A second important innovation in Glow is Activation Normalization (ActNorm), which replaces batch normalization in the flow. Batch normalization is problematic for flows: its Jacobian depends on the batch statistics, which couples the log-determinants of different examples in a mini-batch in a way that makes the per-example log-likelihood technically incorrect during training. ActNorm instead applies an affine transformation with per-channel scale and bias parameters that are initialized using the first mini-batch (so that the activations have zero mean and unit variance after the first step) and then treated as ordinary learned parameters thereafter. This provides the normalization benefits of batch norm without the batch-coupling pathology, and its Jacobian is simply the product of the scale parameters — trivially computed.

The three-step flow

Each level of the Glow architecture repeats a three-step building block: (1) ActNorm — normalize each channel; (2) Invertible 1×1 convolution — mix channels; (3) Affine coupling layer — conditionally transform half the channels. This three-step pattern is repeated $K$ times within each level (with $K = 32$ in the published model), and $L$ levels in total are nested within the multiscale architecture. The complete model trained on 256×256 face images (CelebA-HQ) produced results that were, at the time of publication, competitive with the best GANs while offering exact likelihoods and semantically meaningful latent interpolations.

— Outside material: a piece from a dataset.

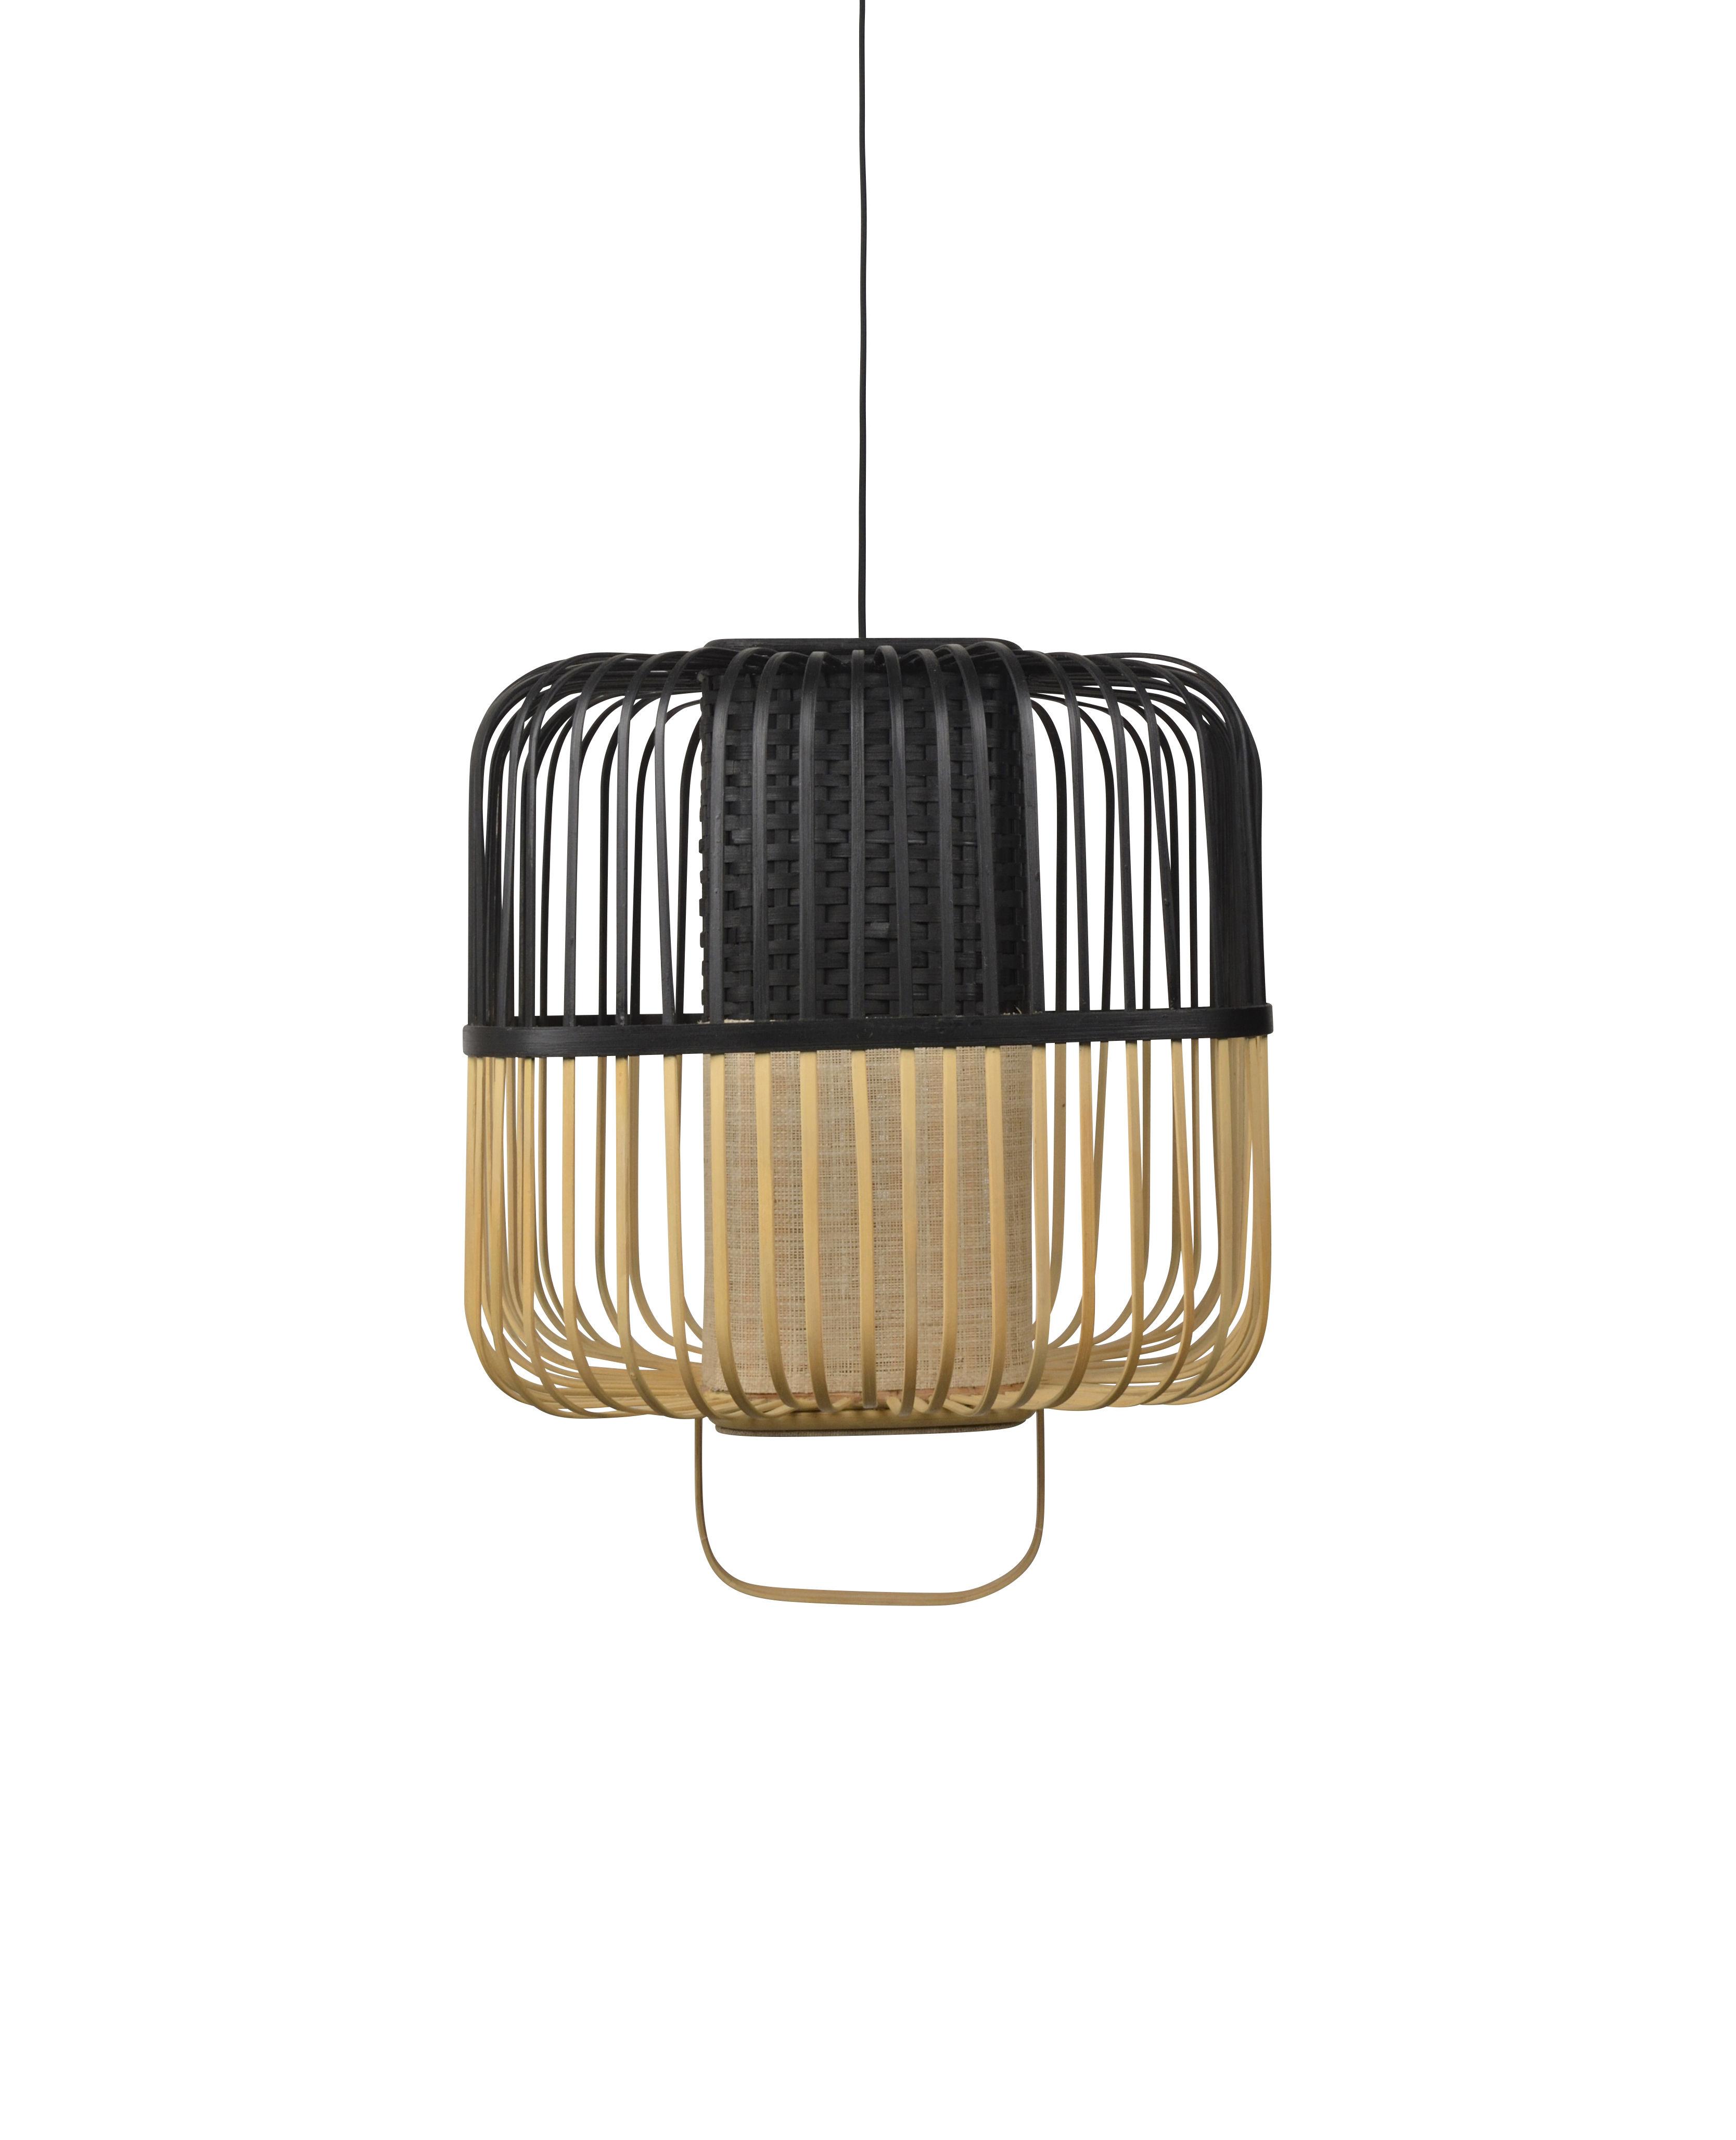 Lighting - Pendant Lighting - Bamboo Square Pendant - / Medium - H 43 cm by Forestier - Black - Bamboo

Glow demonstrated that you could manipulate attributes of a face image — adding a smile, changing hair color, adjusting age — by performing simple arithmetic in the model's latent space: encoding an image to get its latent code, adding a vector corresponding to the desired attribute direction (estimated from the difference between average latent codes for examples with and without the attribute), and decoding back to pixel space. This capability, which emerges naturally from the exact inference that flows provide, is much more difficult to achieve with GANs or VAEs, which lack access to the exact posterior or exact likelihood.

Continuous Normalizing Flows & Neural ODEs

Instead of composing a discrete sequence of transformations, continuous normalizing flows let the transformation evolve through continuous time, governed by an ordinary differential equation. This removes the constraint of discrete layer design and introduces new theoretical tools — at the cost of numerical ODE solving.

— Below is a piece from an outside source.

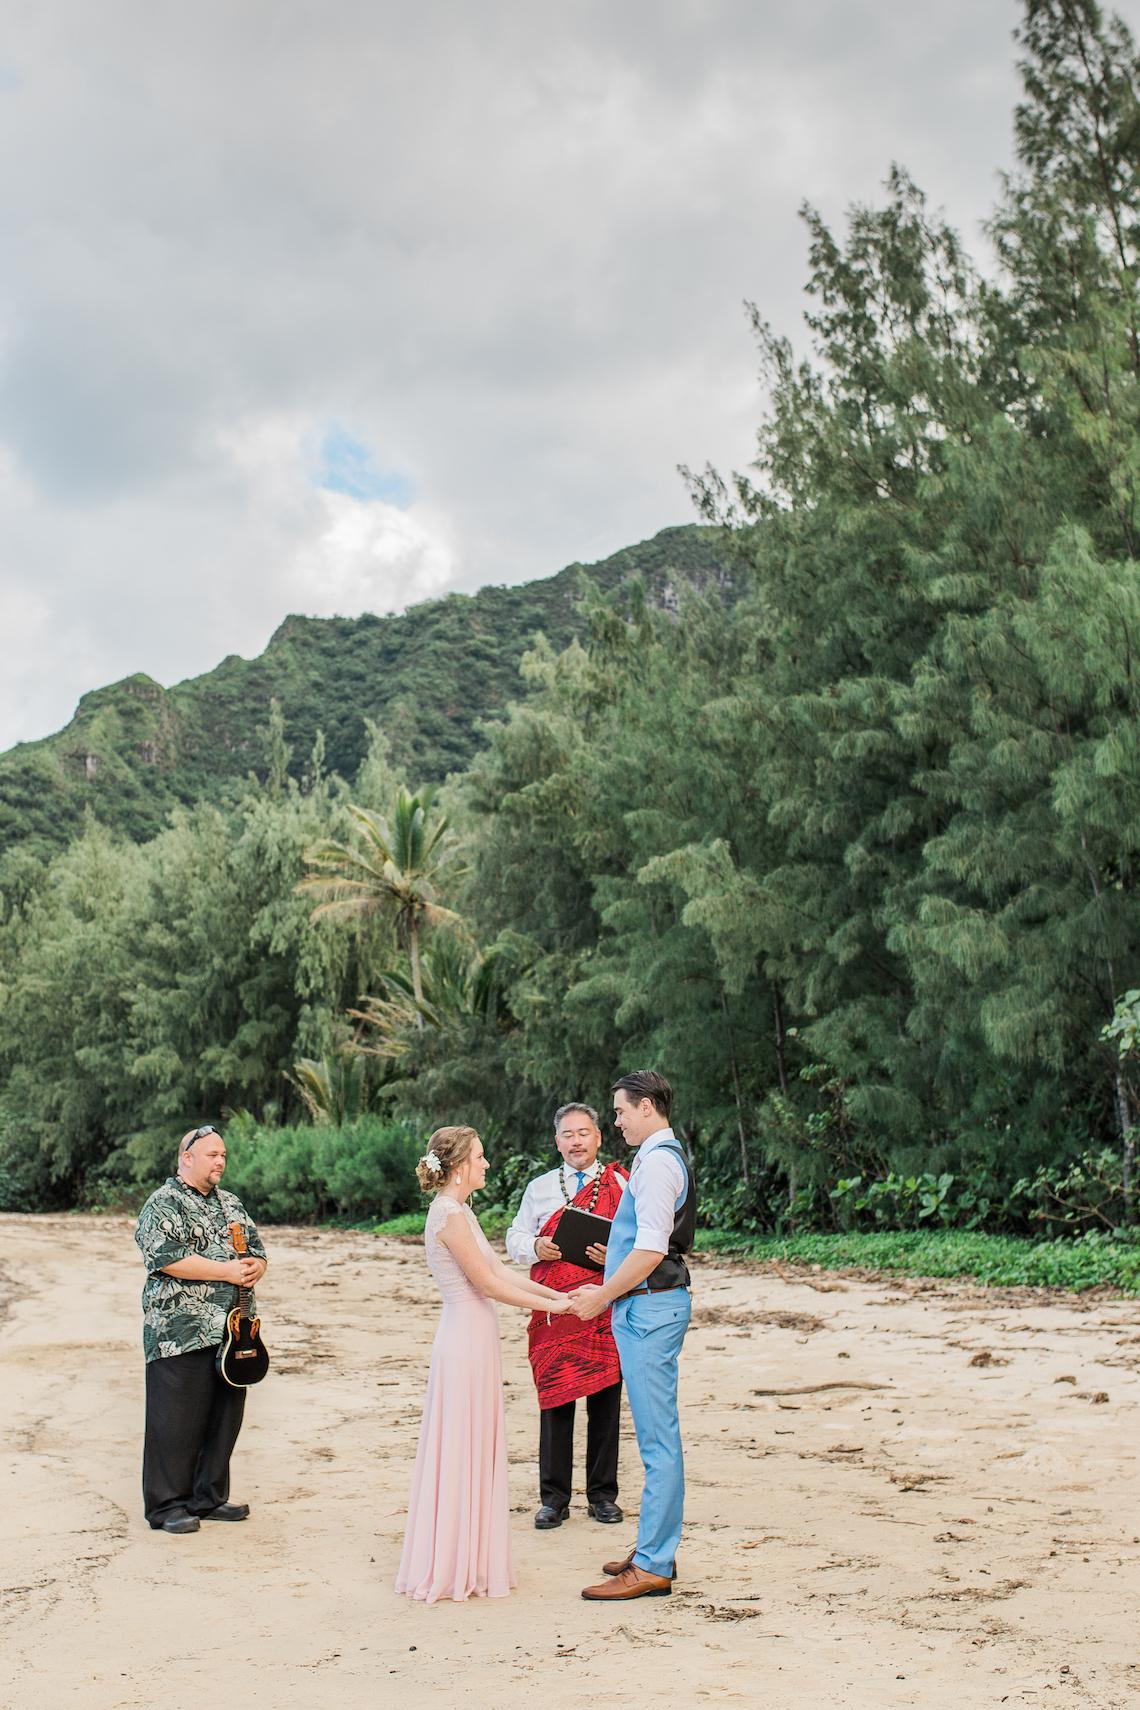 Intimate & Scenic Traditional Hawaiian Lei Exchange Elopement – Chelsea Stratso 10

The discrete flow framework composes finitely many transformations $z_K = f_K \circ \cdots \circ f_1(z_0)$. Taking the limit as the number of layers $K \to \infty$ while each transformation approaches the identity, we arrive at a continuous normalizing flow (CNF), where the transformation is defined by an ordinary differential equation:

$$\frac{dz(t)}{dt} = v_\theta(z(t), t), \quad z(0) = z_0, \quad x = z(T)$$

Here $v_\theta: \mathbb{R}^d \times [0, T] \to \mathbb{R}^d$ is a time-dependent velocity field parameterized by a neural network. The data $x$ is obtained by integrating this ODE from time 0 to time $T$. Sampling is then ODE solving in the forward direction (easy); density evaluation requires solving in the reverse direction (also an ODE solve, with the same cost).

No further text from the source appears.